Task item:
Return the listing below exactly. Leave its pictures out.

Given material:

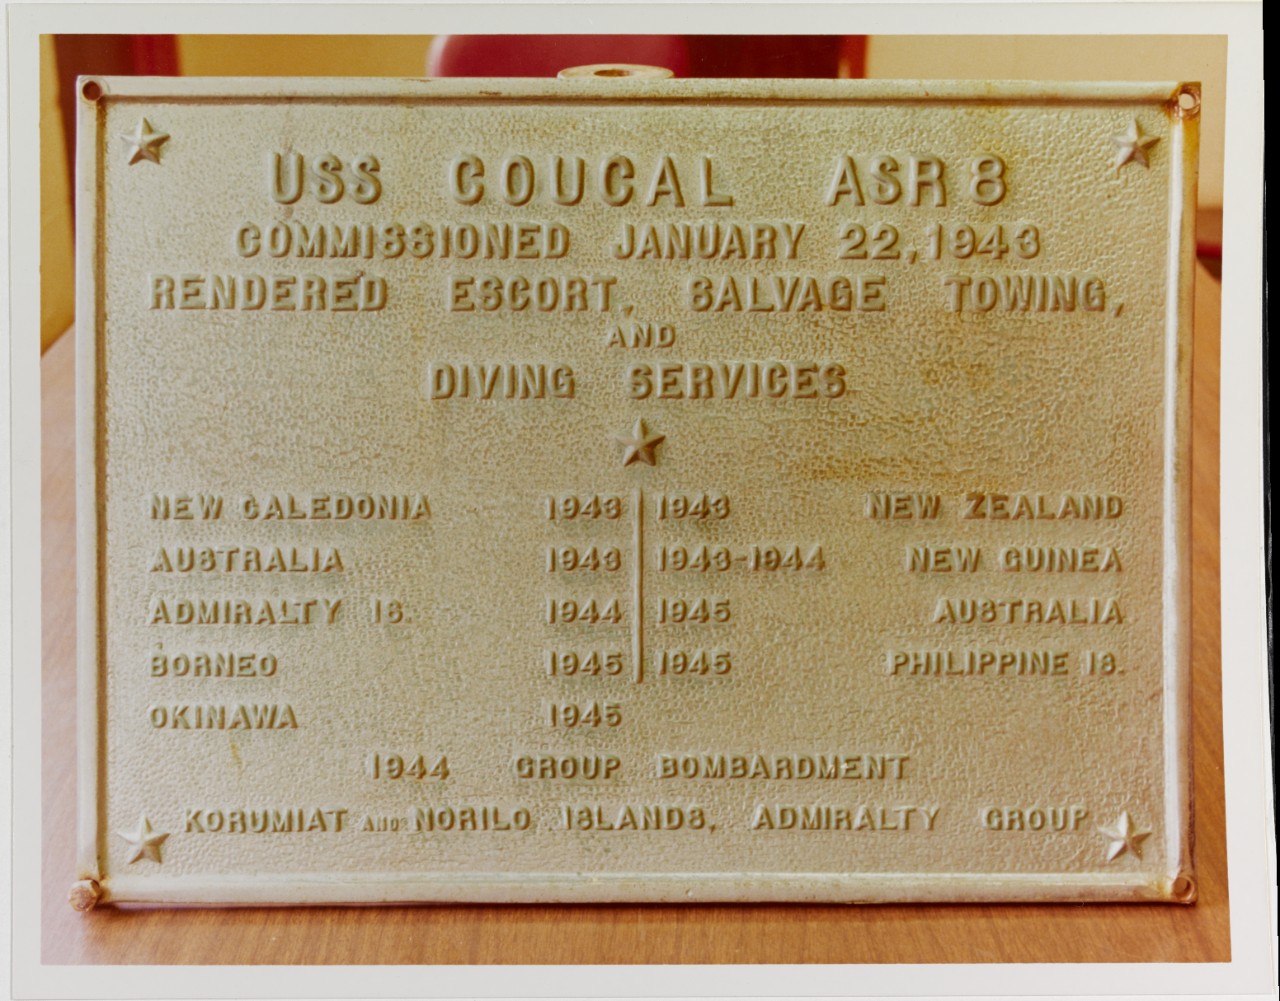 USS COUCAL (ASR-8)
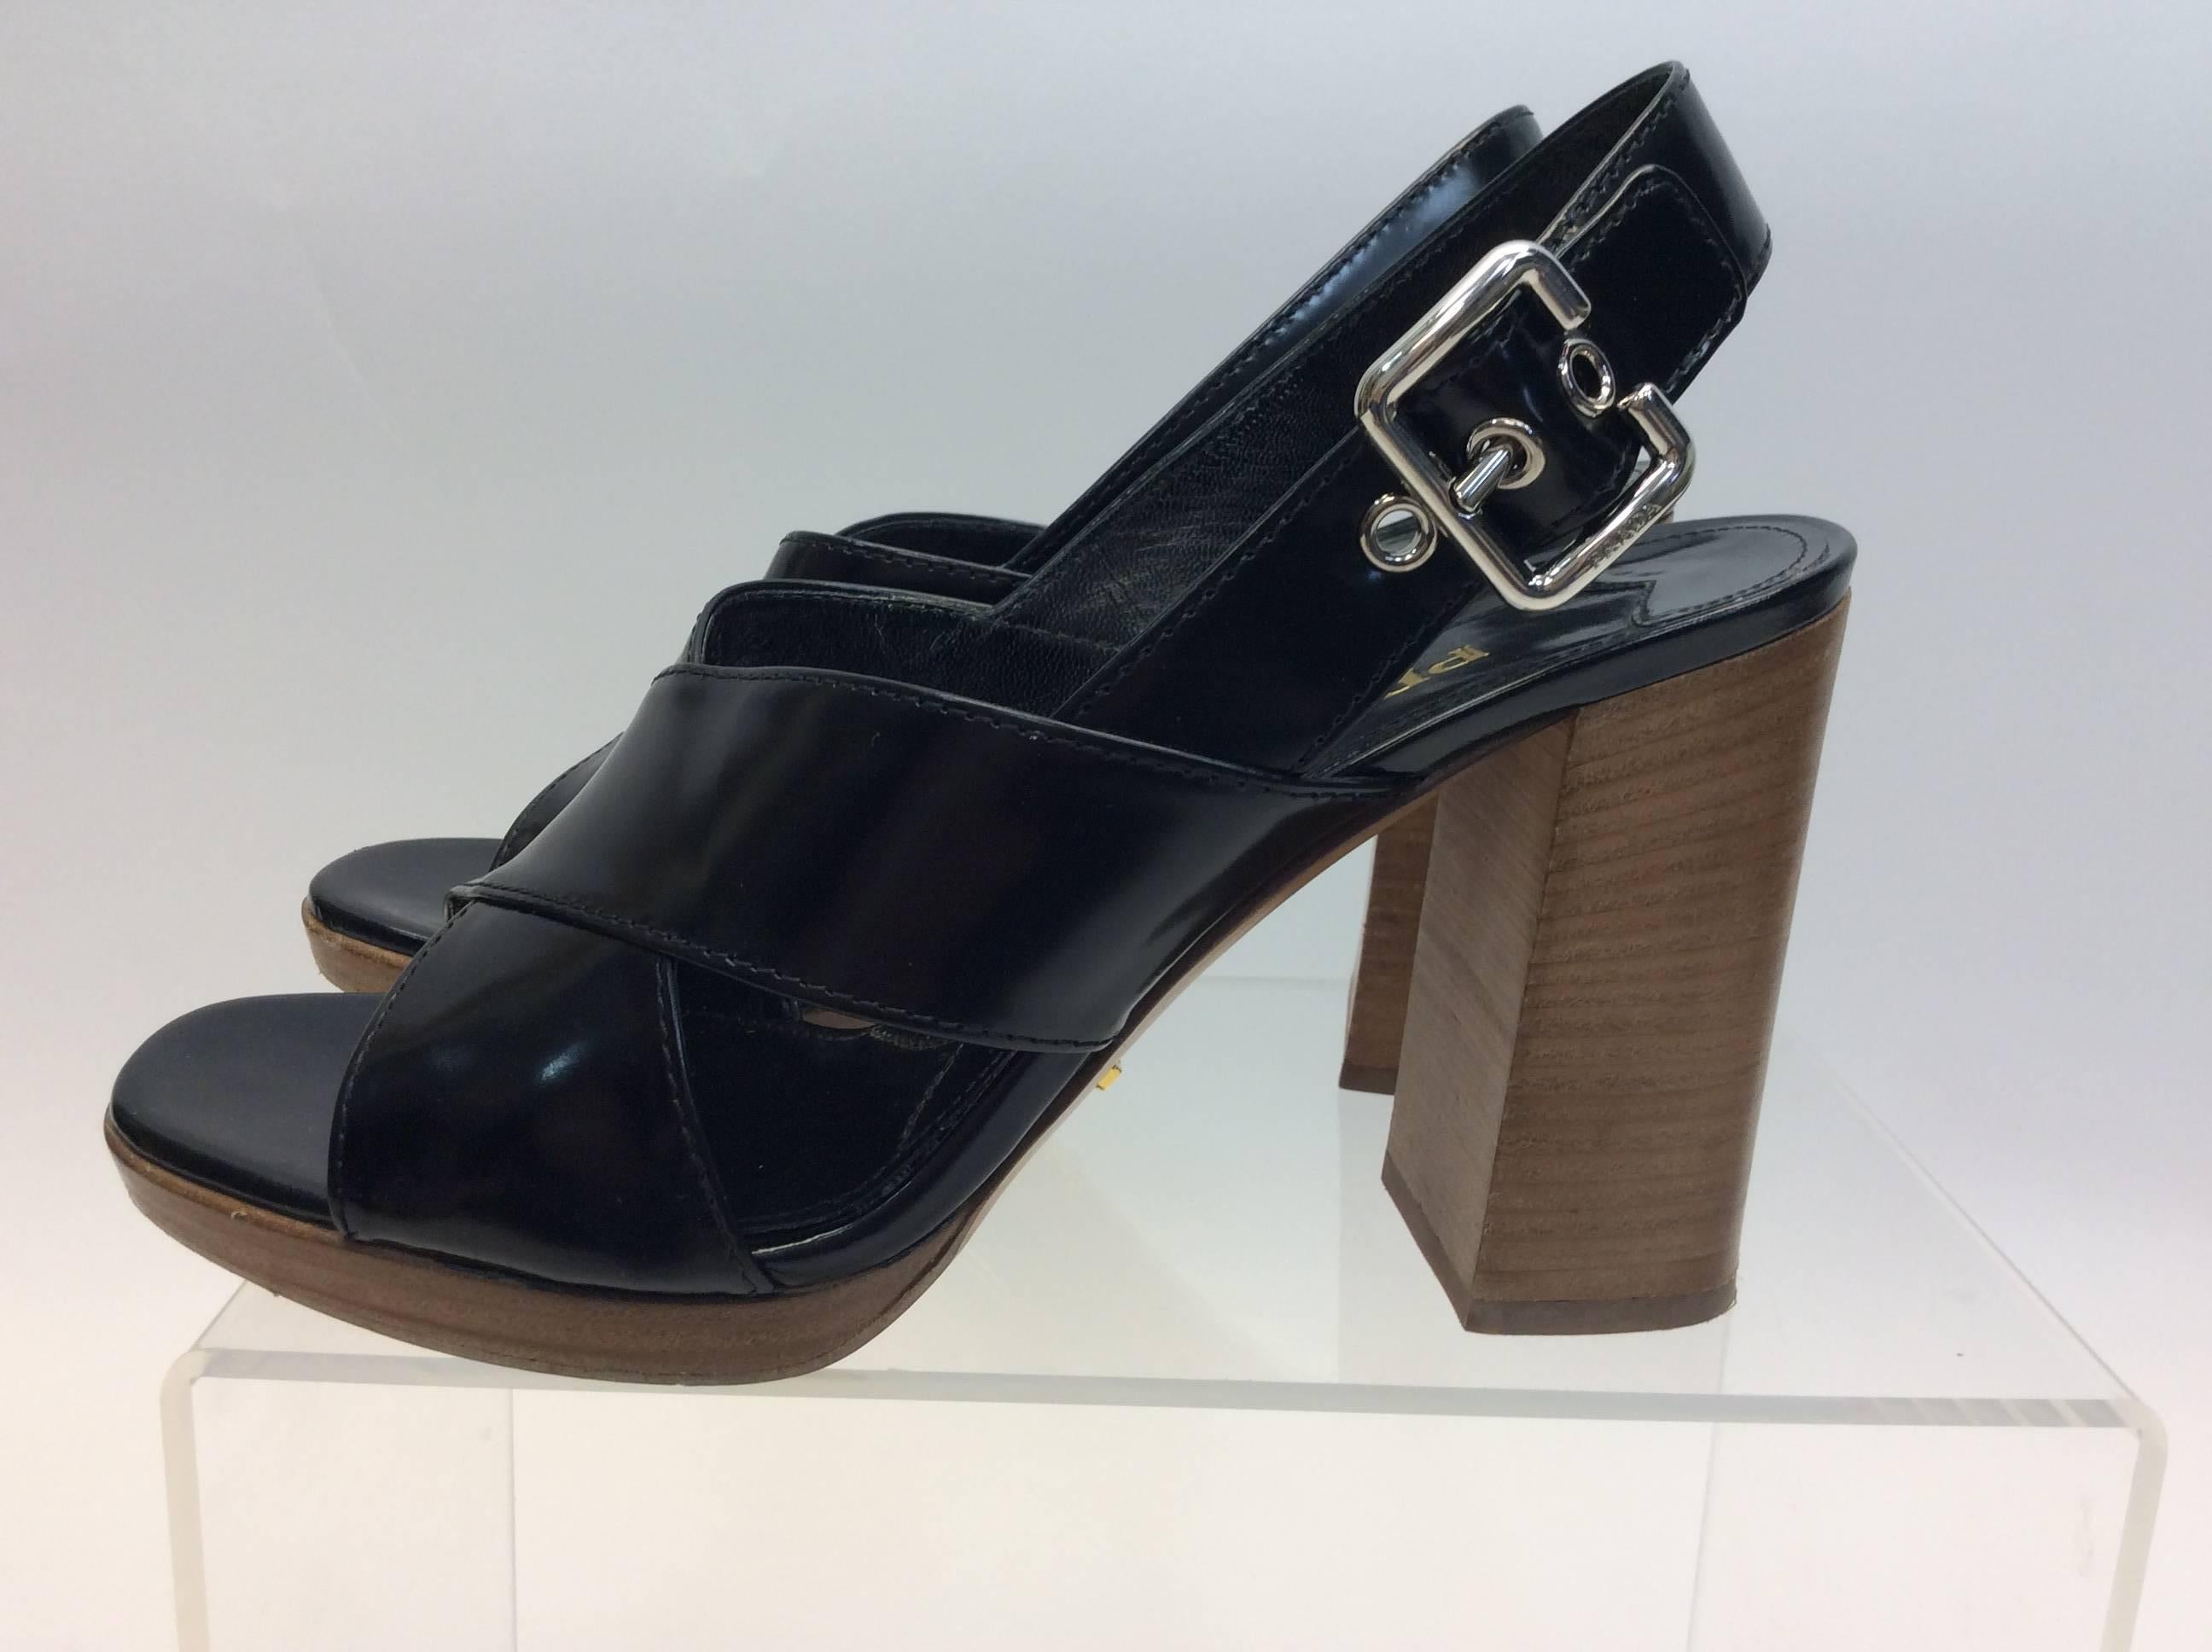 Prada Black Leather Heeled Sandal
$289
4

Answer area:
 USS COUCAL (ASR-8)
 Prada Black Leather Heeled Sandal
$289
4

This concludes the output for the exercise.